The reaction by student groups and other vocal critics has been swift and strong, particularly at those institutions that have made a public showing of apparent support for sustainable activities and environmental concerns.
A typical example is Northeastern University which “prides itself on being at the forefront of sustainability.” Its “secret investment in an aggressive financial backer of carbon-emitting industries came as a surprise to members of DivestNU, a coalition of student groups campaigning for a fossil-fuel-free campus. “The university’s motto is ‘light, truth and virtue’,” remarked one member. “Now we learn that the leadership team has been operating in darkness, violating their own green principles by investing in oil and gas, and going offshore to pay less tax.”
Similarly, at the University of Pittsburgh, which the public now knows has investments tied to fossil fuels, a student member of the Fossil Free Pitt Coalition said, “We are concerned about the lack of transparency, as two-thirds of the endowment is just a mystery to us….We are suspicious about where that huge segment of the endowment is going.”
The debate about the November 2017 Paradise Papers’ revelations and their implications for American colleges and universities is just beginning.
If “[a] university is, first and foremost, a social undertaking to create a social good,” can or should that institution “act in ways that deprive the public sector of needed resources to address social problems”?

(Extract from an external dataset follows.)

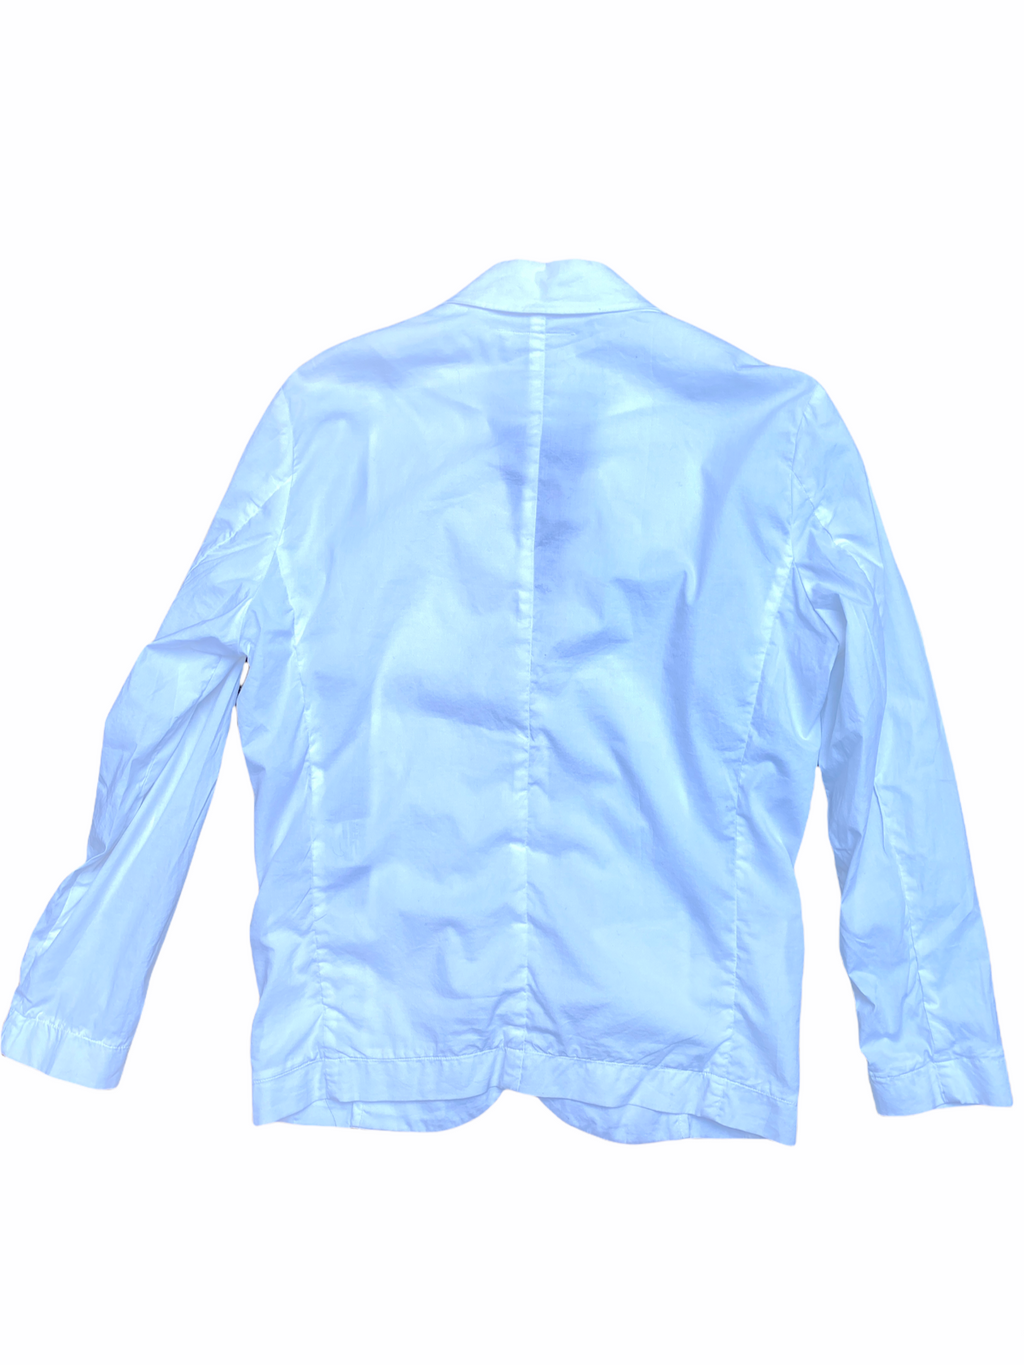 MM6 White Blazer Jacket  Size 36 S

Politicians around the world and in the U.S. are beginning to ask whether offshore tax havens should be banned. Are they fair? Are they moral? A fundamental question posed by the Paradise Papers is “has tax avoidance in all its guises gone too far?”
In the United States Congress, there may be additional legislative action in the future including – for instance – laws mandating that wealthy institutions do more to help out their students meet crushing tuition and costs obligations.